§ Directions:
When you return the data, keep every word exact and include none of the images.

===== Dataset content

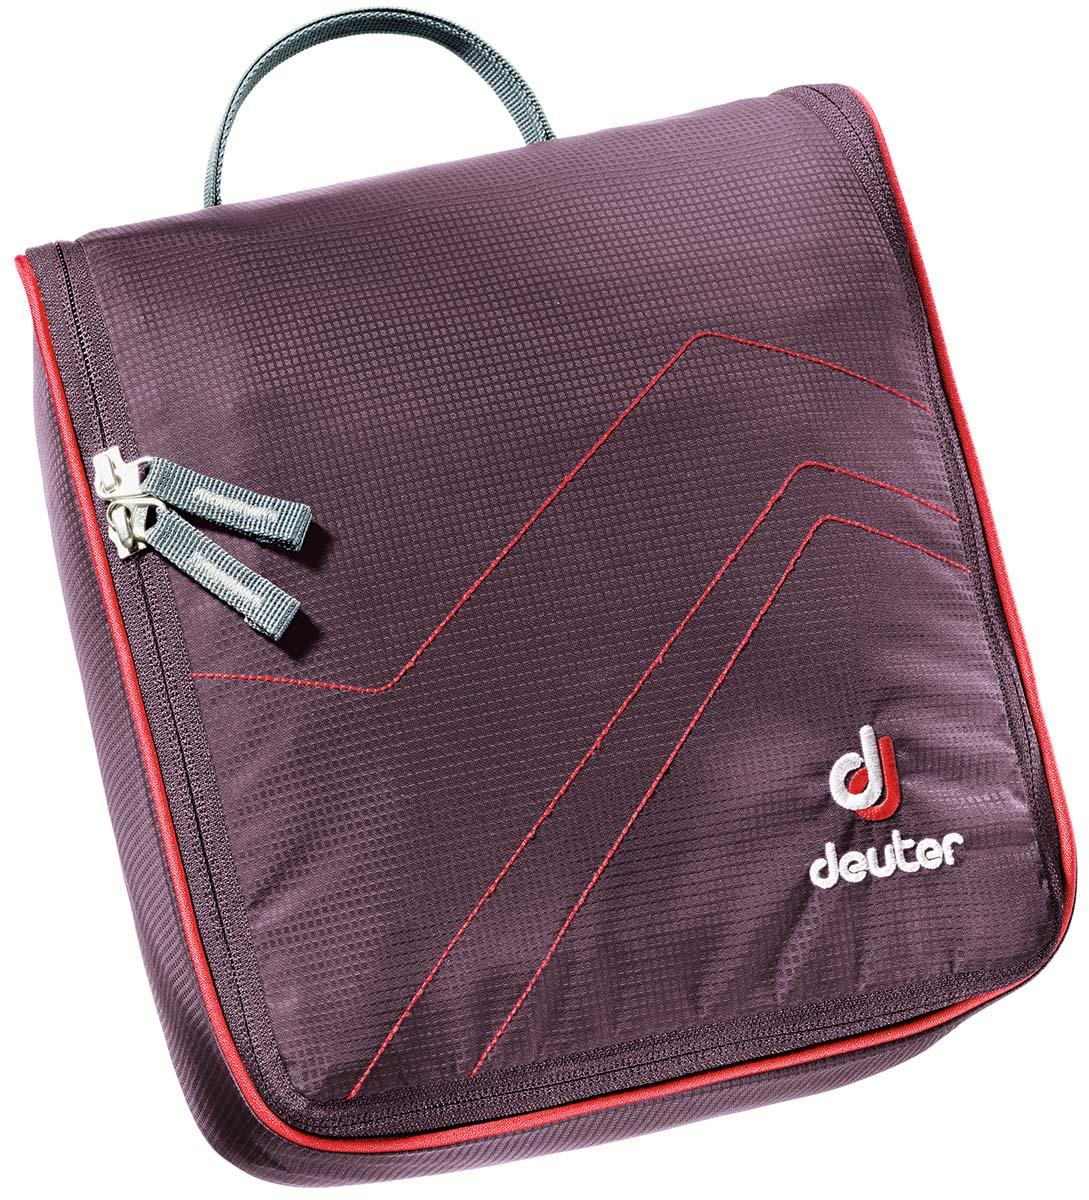 Косметичка Deuter Wash Bag II, цвет: фиолетовый, красный39434_5522Многоцелевая сумка для мыла со щеткой, крема от загара и пр.
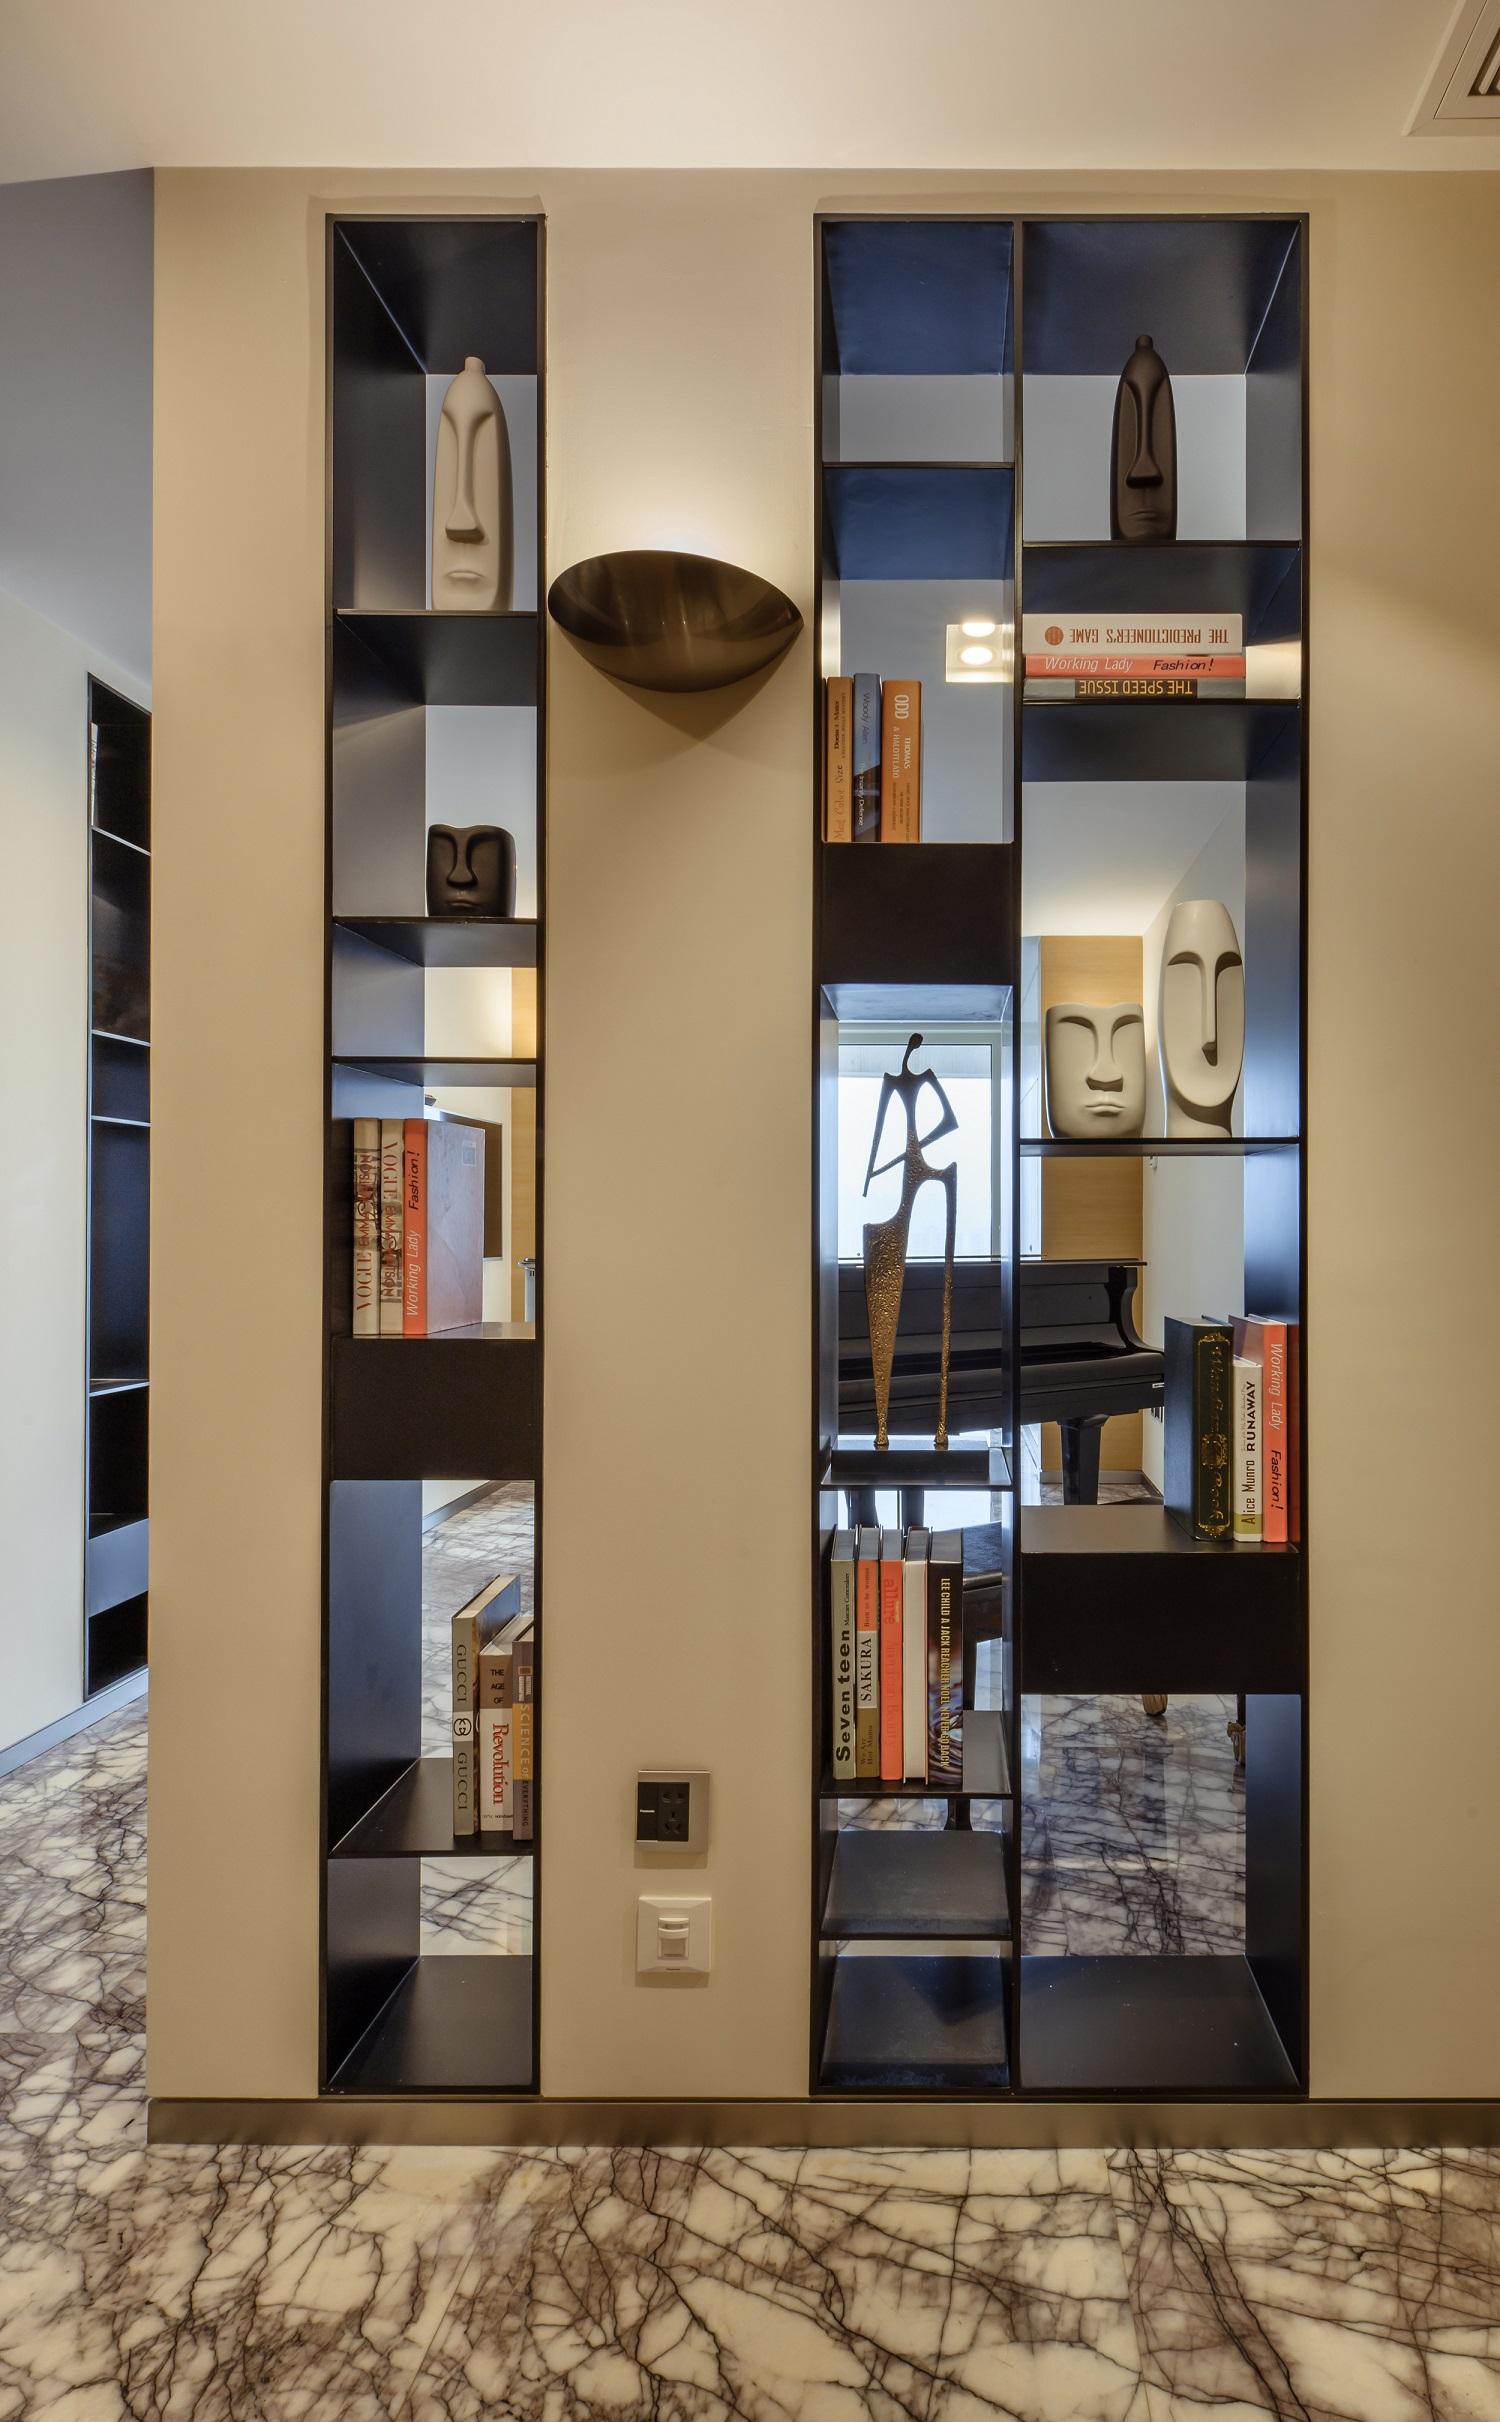 200㎡简约风设计门厅书架图片
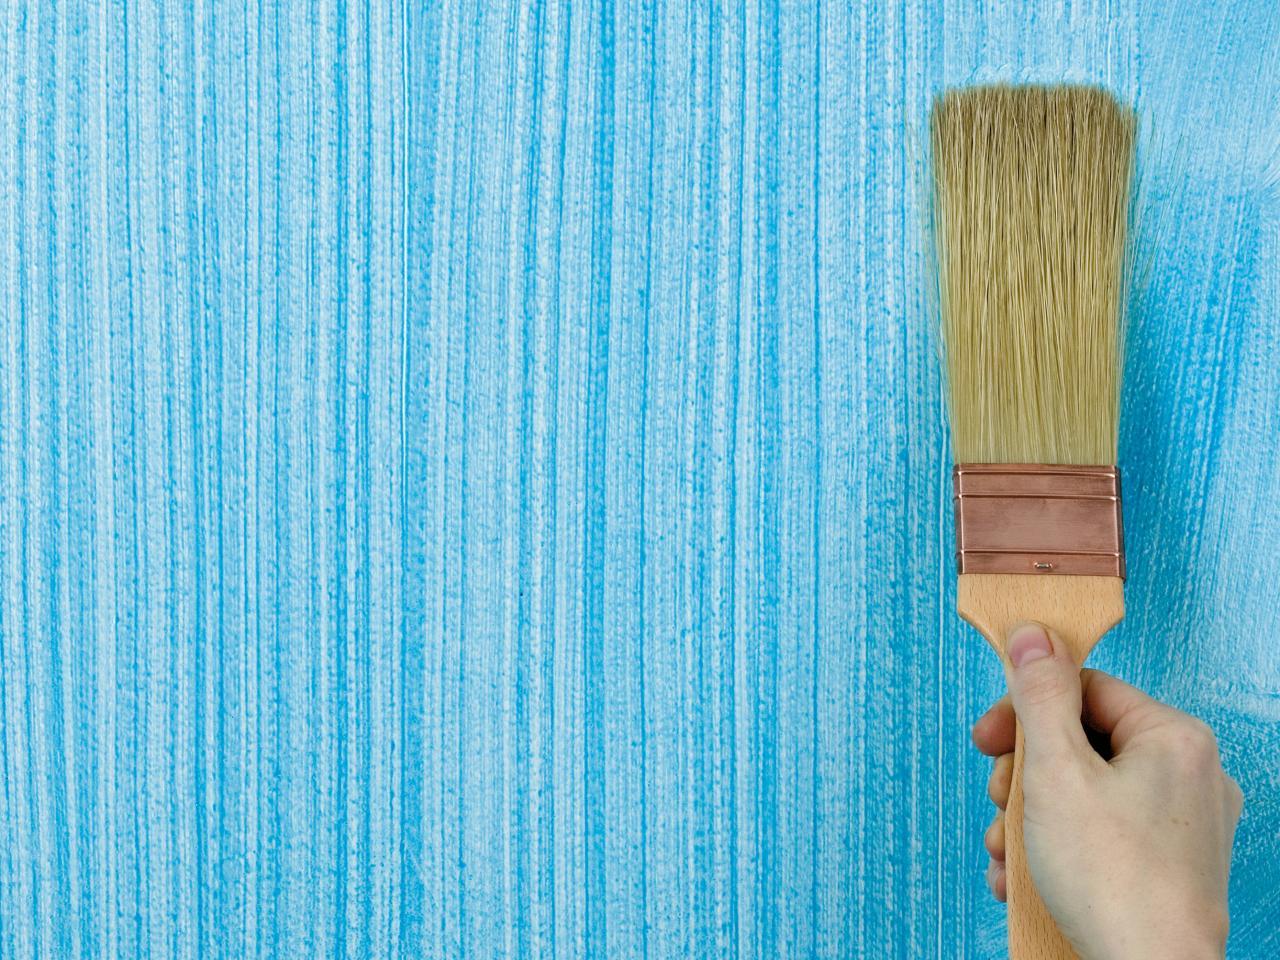 Покраска стен водоэмульсионной краской дизайн фото идеи

==========

§ Answer for the task:
 Косметичка Deuter Wash Bag II, цвет: фиолетовый, красный39434_5522Многоцелевая сумка для мыла со щеткой, крема от загара и пр.
 200㎡简约风设计门厅书架图片
 Покраска стен водоэмульсионной краской дизайн фото идеи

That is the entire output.